Happy families are all alike; every unhappy family is unhappy in its own way — Leo Tolstoy
Like families, tidy datasets are all alike but every messy dataset is messy in its own way — Hadley Wickham
In this post, I’ll be exploring how genealogical data stored in the de-facto standard format, GEDCOM, could be made tidy, and arguing that this is not really ideal.

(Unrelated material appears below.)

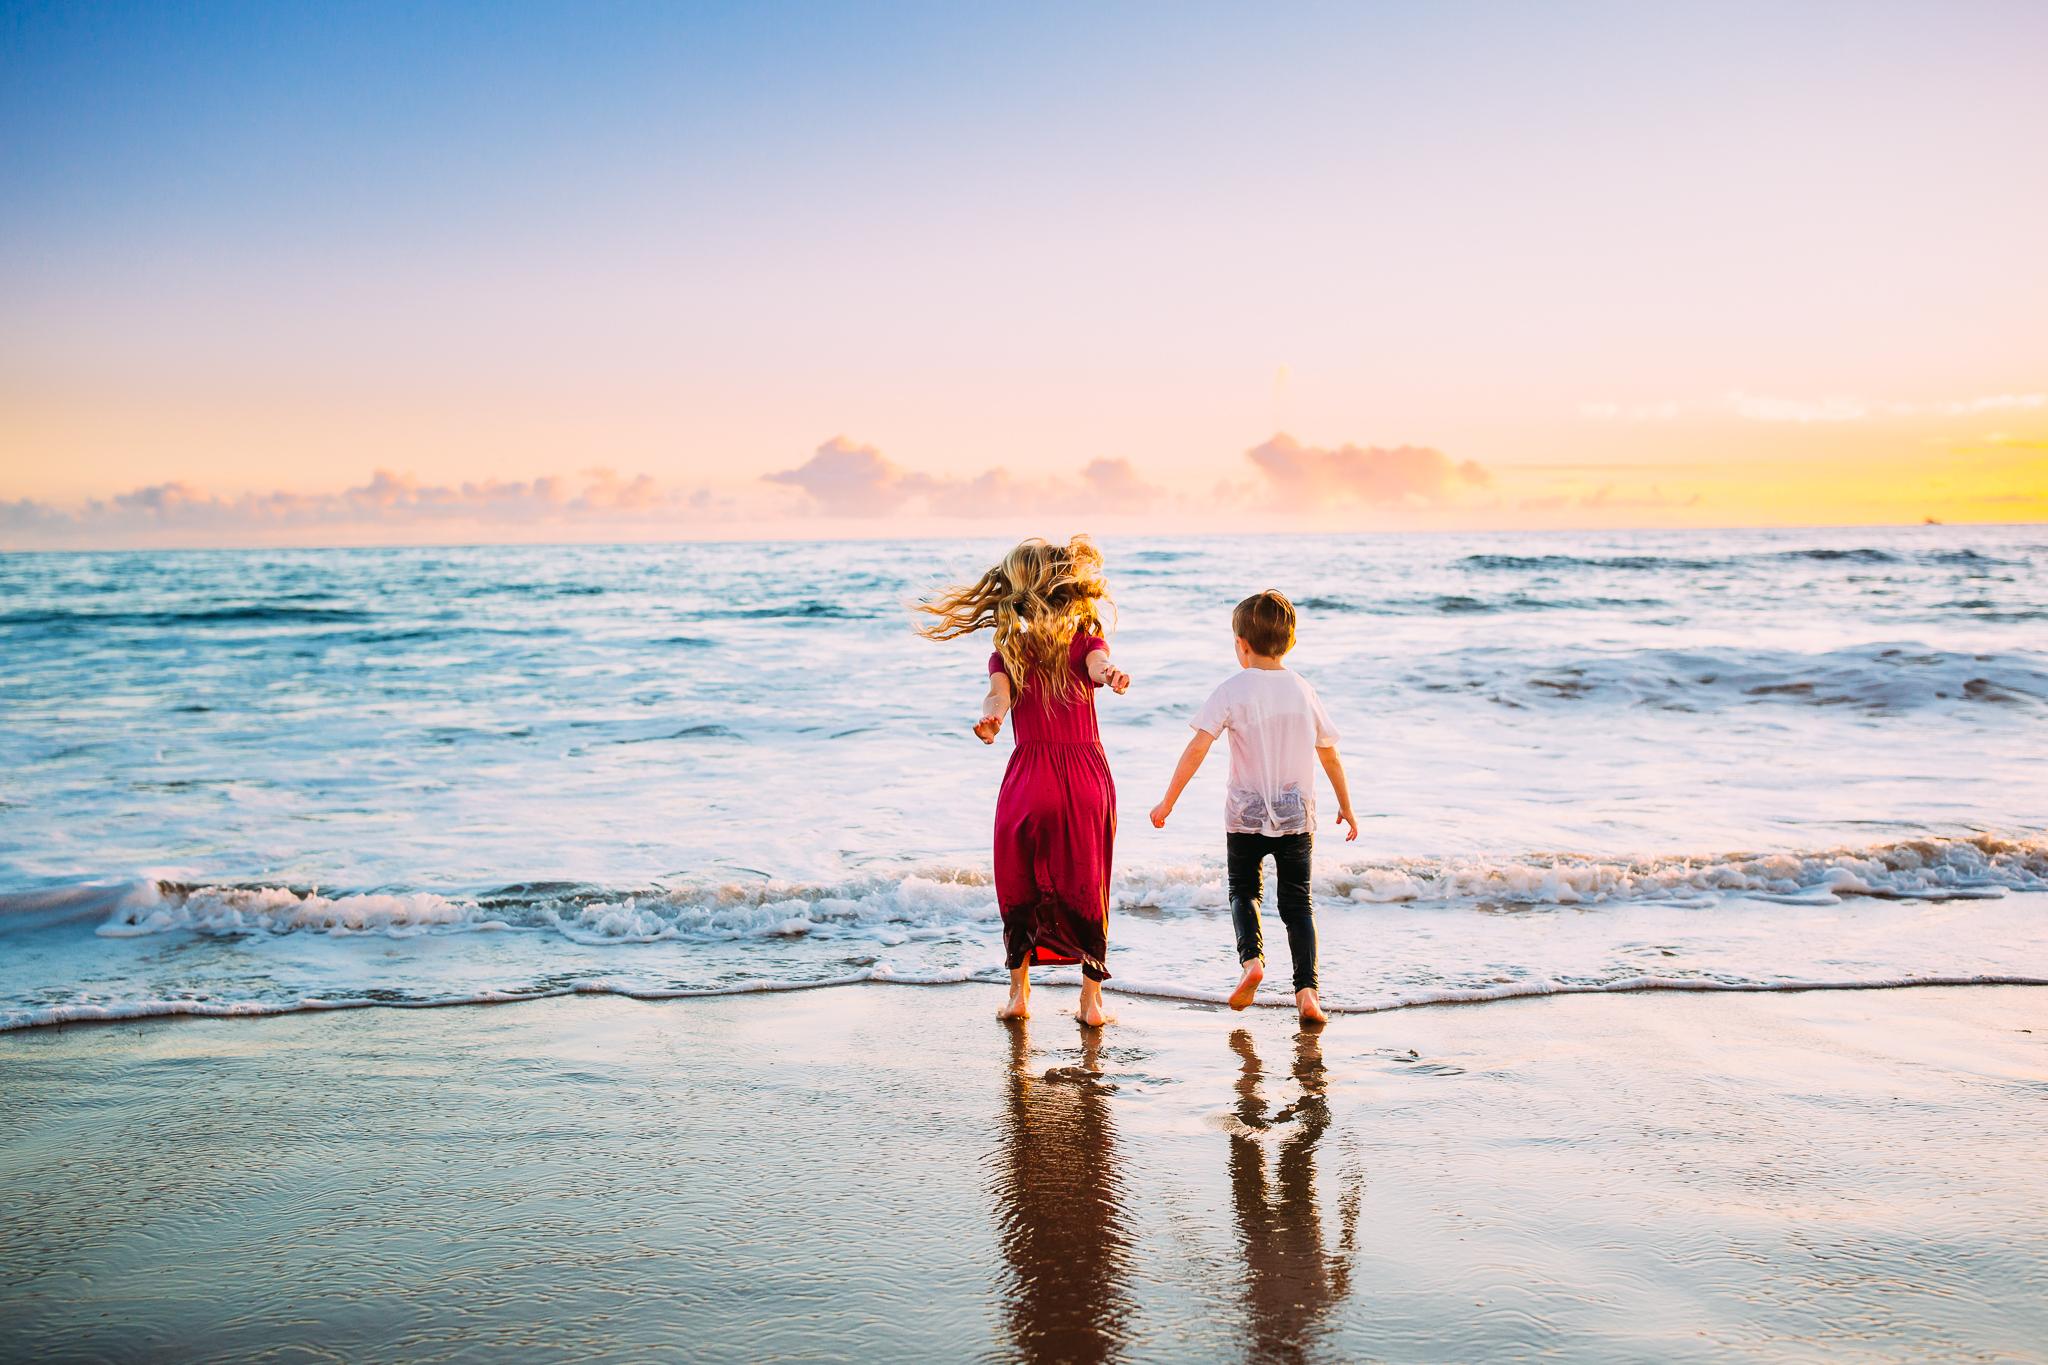 family photo session in Orange County at Newport Beach, California

About 6 years ago, long before I got involved with Data Science and when R was just the 18th letter of the alphabet, I started researching my family history. It was really interesting, hugely rewarding, and I rapidly found myself inundated with various pieces of information – a lot of it conflicting – from various sources. Desperate to organise it all, I discovered the Genealogical Data Communication (GEDCOM) format. I used this format to record all I had found and used some special freeware to generate family tree diagrams in PDF format.
Fast forward to today.
I now find myself in a situation where I’m keen to dig out my old GEDCOM file and see what R can do with it! I searched on GitHub for repos that manipulate GEDCOM files in R, and perhaps the most promising was one by Peter Prevos who had written a short article describing the format of the file and its limitations. I highly recommend you give it a read.
For all its faults, the GEDCOM data format has been the standard for decades, so a fundamental constraint here is that I’m not going to try to invent a whole new format, I’m just going to try to deal with the standard we have. Files contain data on more than one type of observational unit, including individuals, families, and data sources. It’s inappropriate to try to fit all of that in one big dataframe, so I’ll just be focusing on individuals in this post.
Peter has not only written some code to read GEDCOM files, but also code to do some simple analysis and generate some visualisations using the
tidyverse. This takes data which is inherently more like a nested list structure, and creates a tidy dataframe, with a row for each individual, and fields that include name, birth date, mother and father. On the face of it, this seems intuitive, but when dealing with detailed genealogical data, this isn’t entirely suitable. Part of the problem comes down to conflicting data.
One of the strengths of the GEDCOM format is the ability to record several possible values of an individual’s attribute. For example, if one source tells you an ancestor was born in 1900, and another tells you they were born in 1901, you don’t have to choose one as correct and dismiss the other – you can record both and capture the uncertainty – which is an absolutely crucial capability of any genealogical data format. If we were to try to capture these possible values using the dataframe format, one might imagine having a row for every combination of possible values, e.g.
|I56||Joe Bloggs||12 December 1900||Somerset, UK|
|I56||Joe Bloggs||12 December 1901||Somerset, UK|
|I56||Joe Bloggs||12 December 1900||Devon, UK|
|I56||Joe Bloggs||12 December 1901||Devon, UK|
Unfortunately, this has two drawbacks; you could feasibly end up with hundreds of rows for a single individual as the different possibilities for dozens of fields multiply up – with only one row being ‘correct’ – resulting in a lot of unnecessary data duplication. You could employ nested list columns to get around this, but this would make the dataframe complex to deal with and difficult to share with non-R users. It also wouldn’t solve the second issue – being able to record the data source for each conflicting piece of data.
These limitations rapidly lead you down a path of considering an ‘ultra-tidy’ dataframe instead, where each row records a possible value for an individual attribute and a source can be recorded for each, e.g.
|I56||DOB||12 December 1900||A|
|I56||DOB||12 December 1901||B|
This is a lot better, especially considering you could add a ‘notes’ column (which is one of the tags in a GEDCOM file), that you could attach to any data value. Unfortunately, uncertainty isn’t the only reason why a field would have more than one value. Fields like occupation and address could have several values as an individual may have had several over their lifetime. So, we might consider adding further fields to the above capturing instants or periods of time for which the value applies.
Now we encounter a real problem. There is a very good reason why the GEDCOM data structure is nested in nature – in order to handle things like name and address. The NAME field may contain the individual’s full name, but child fields may decompose this into given name (GIVN) and surname (SURN), as well as other child fields not found in the parent NAME field, such as nicknames (FONE). Similarly, the address field has child fields for city, state, and country.
I have considered having something like three attribute columns (for 3 levels of nesting), but we lose the benefit of having one row per attribute, and it feels like a fudge too far.
I’ve therefore abandoned my intention of converting my GEDCOM files to tidy dataframes and have looked for alternatives. I know Peter has begun exploring network data structures and I can certainly see why.
I have since discovered an open source genealogy project called Gramps which seems to rely on XML data structures. Sounds promising. I intend to try installing this and seeing how it fares with converting my existing GEDCOM files.